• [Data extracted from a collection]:
------------------------------------------------------------
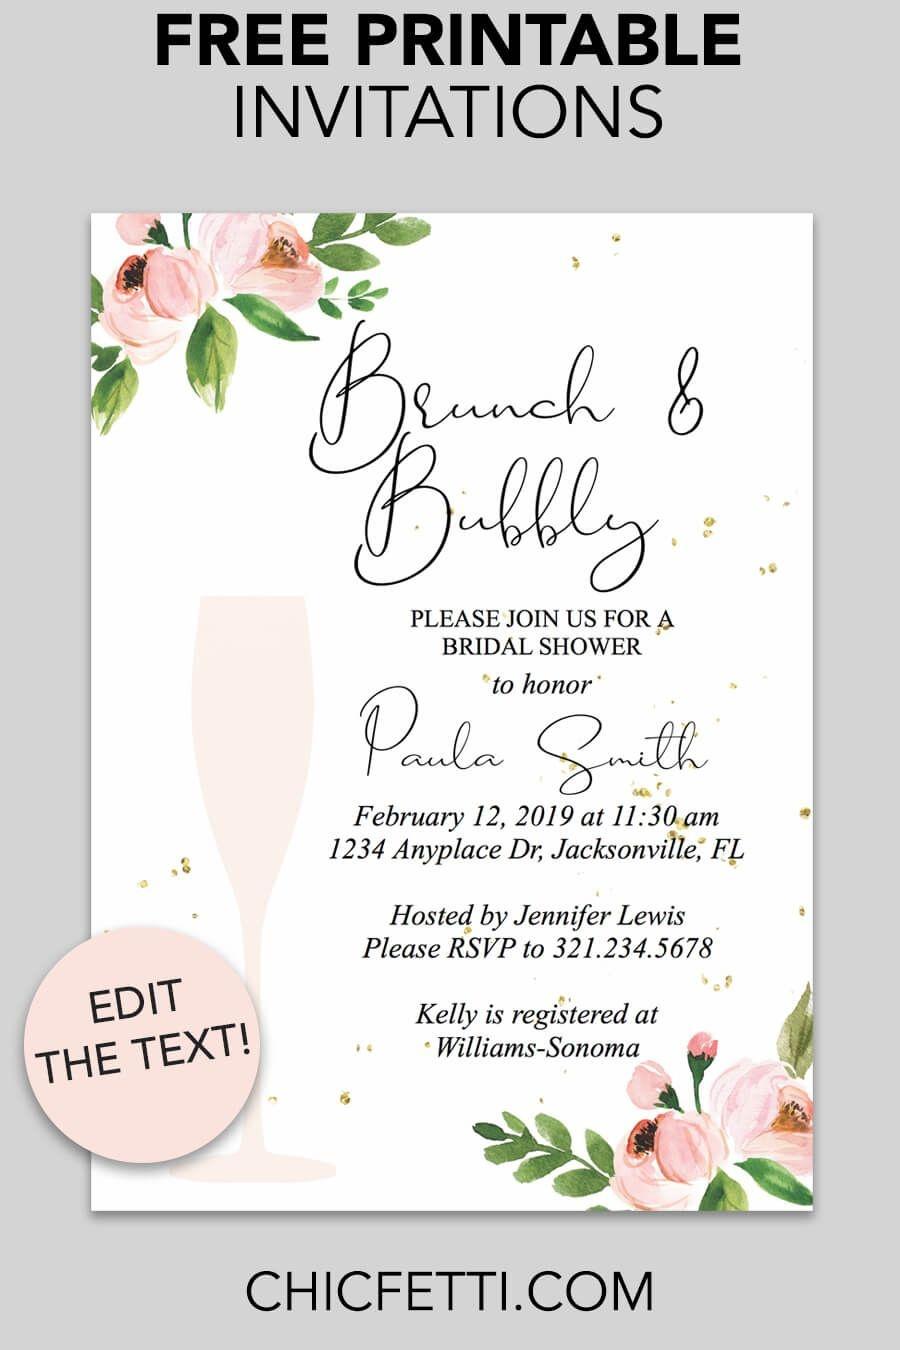 Bridal Shower Printable Invitation (Floral Bubbly | Invitations - Free Printable Bridal Shower Invitations Templates
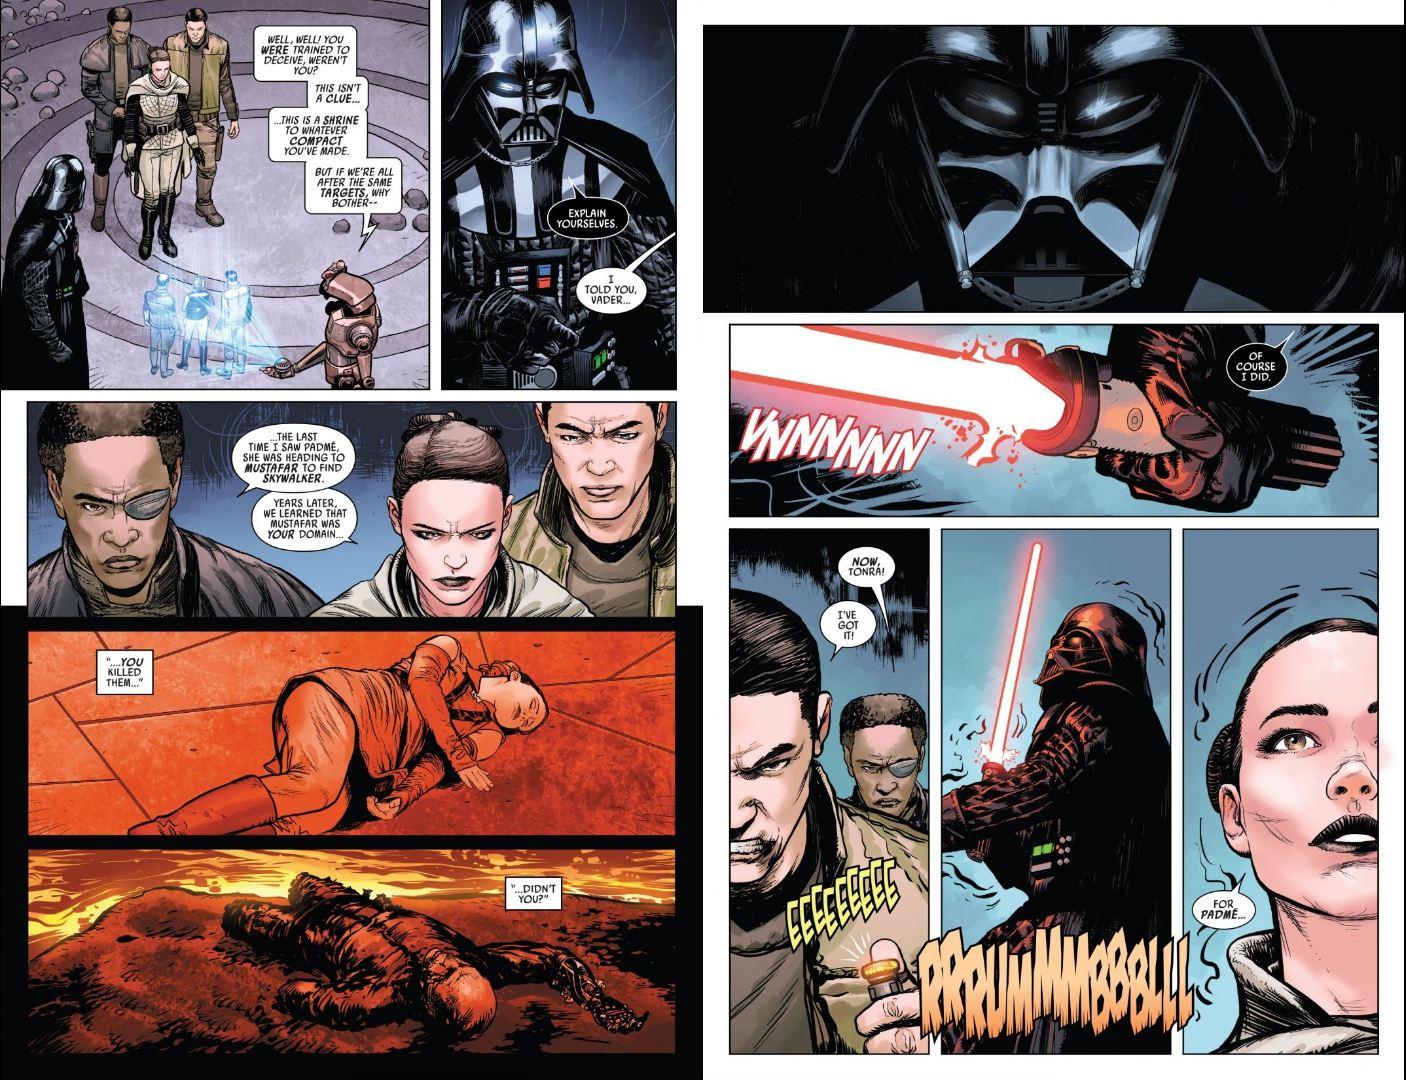 Issue #3 Star Wars Darth Vader Sabe confronts Vader
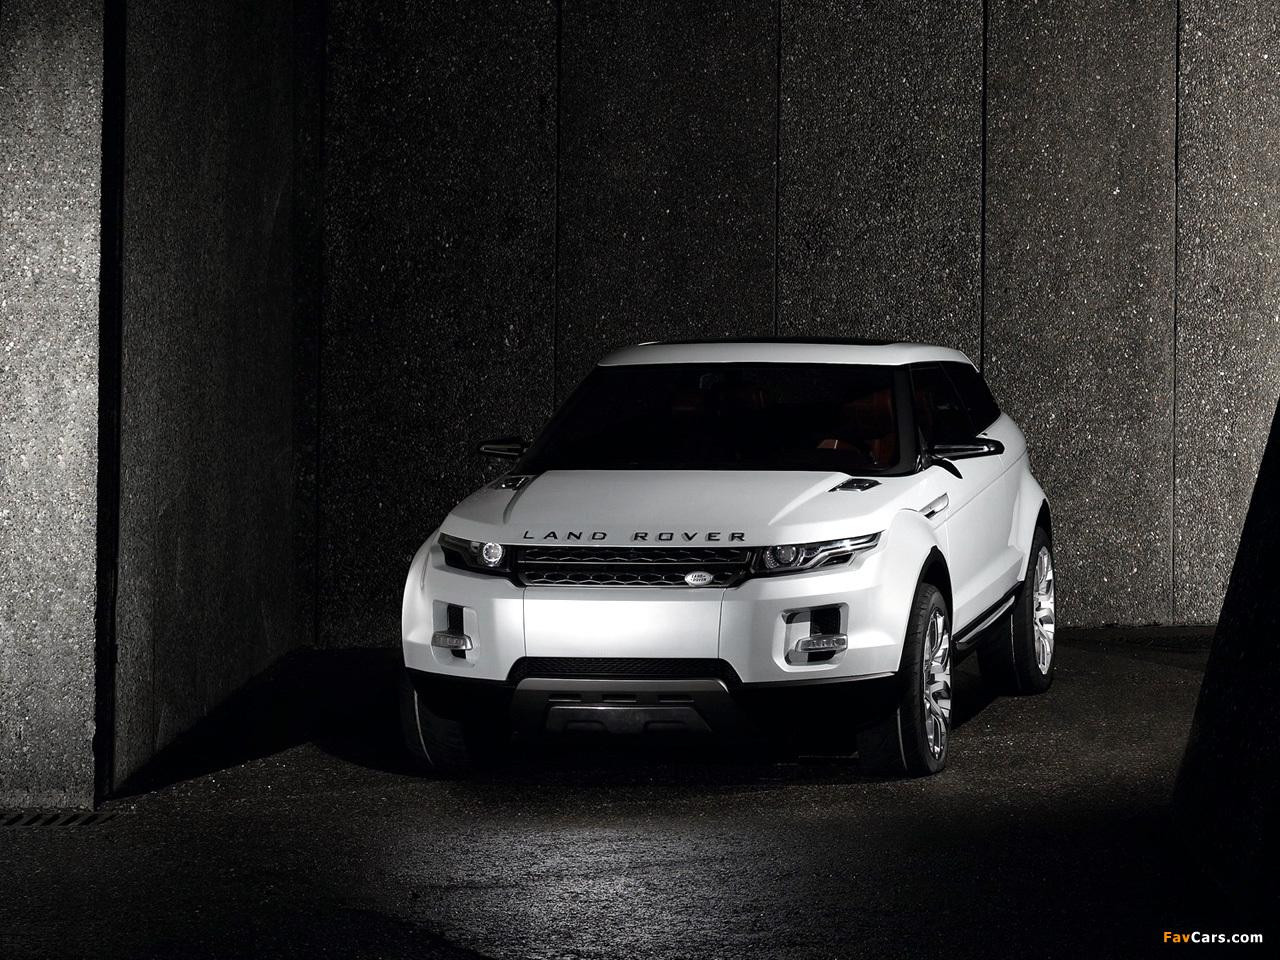 Land Rover LRX Concept 2007 pictures (1280 x 960)
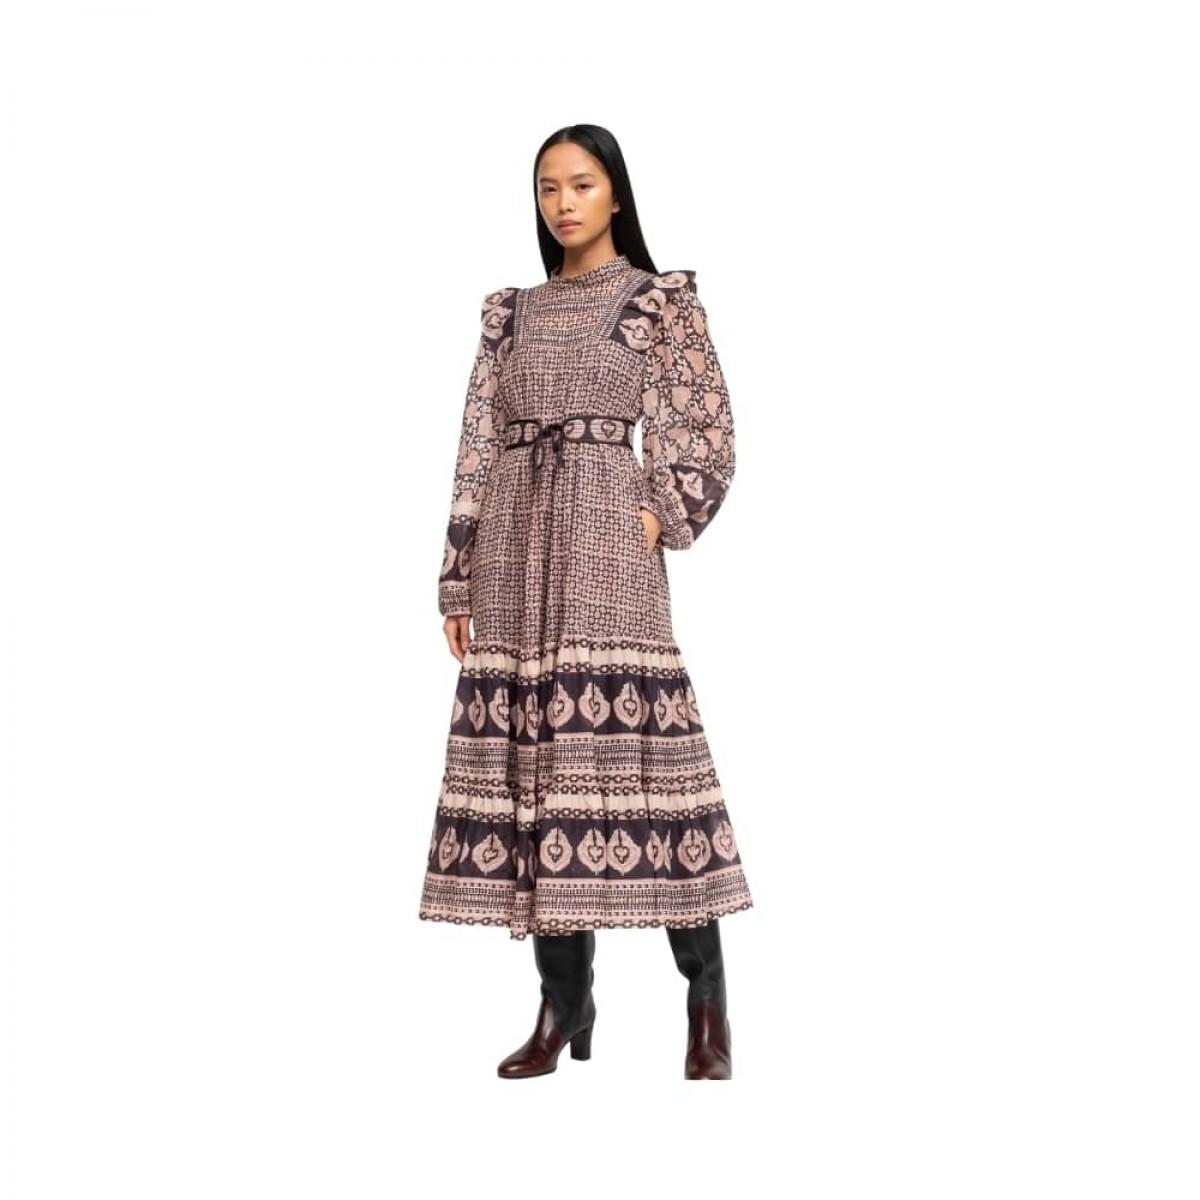 margo border dress - lilac
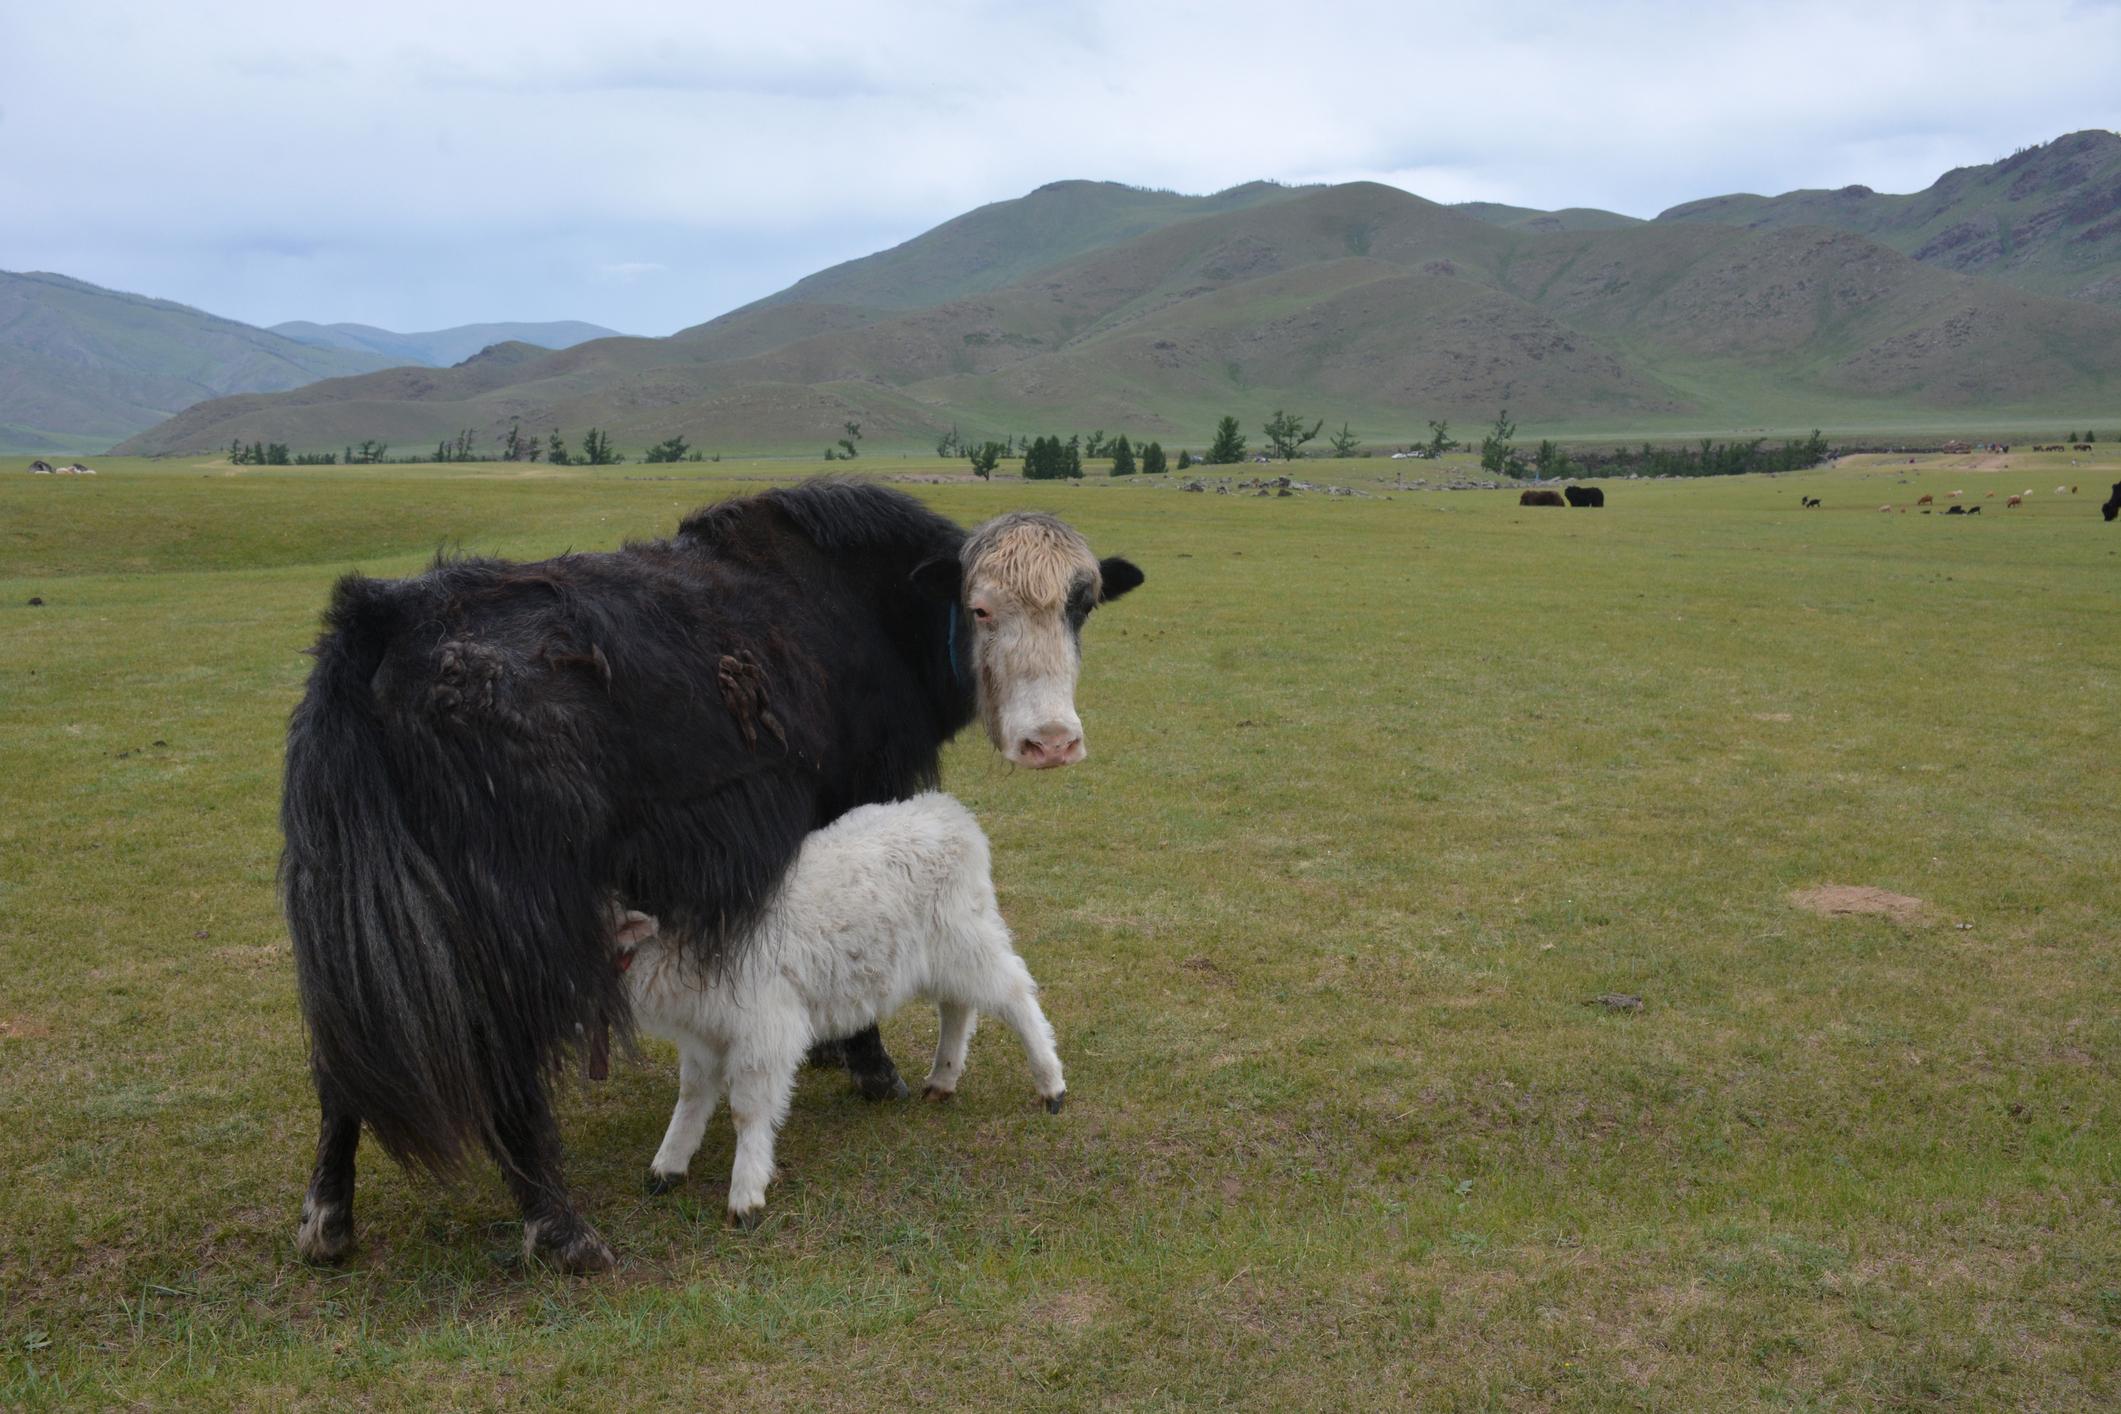 Female yak with newborn calf. ©Getty
------------------------------------------------------------
• [Task objective]:
Exactly the lines from the one holding "Land Rover LRX" through the last line of the entries must be set down, with nothing added and no pictures.

• [Written answer]:
 Land Rover LRX Concept 2007 pictures (1280 x 960)
 margo border dress - lilac
 Female yak with newborn calf. ©Getty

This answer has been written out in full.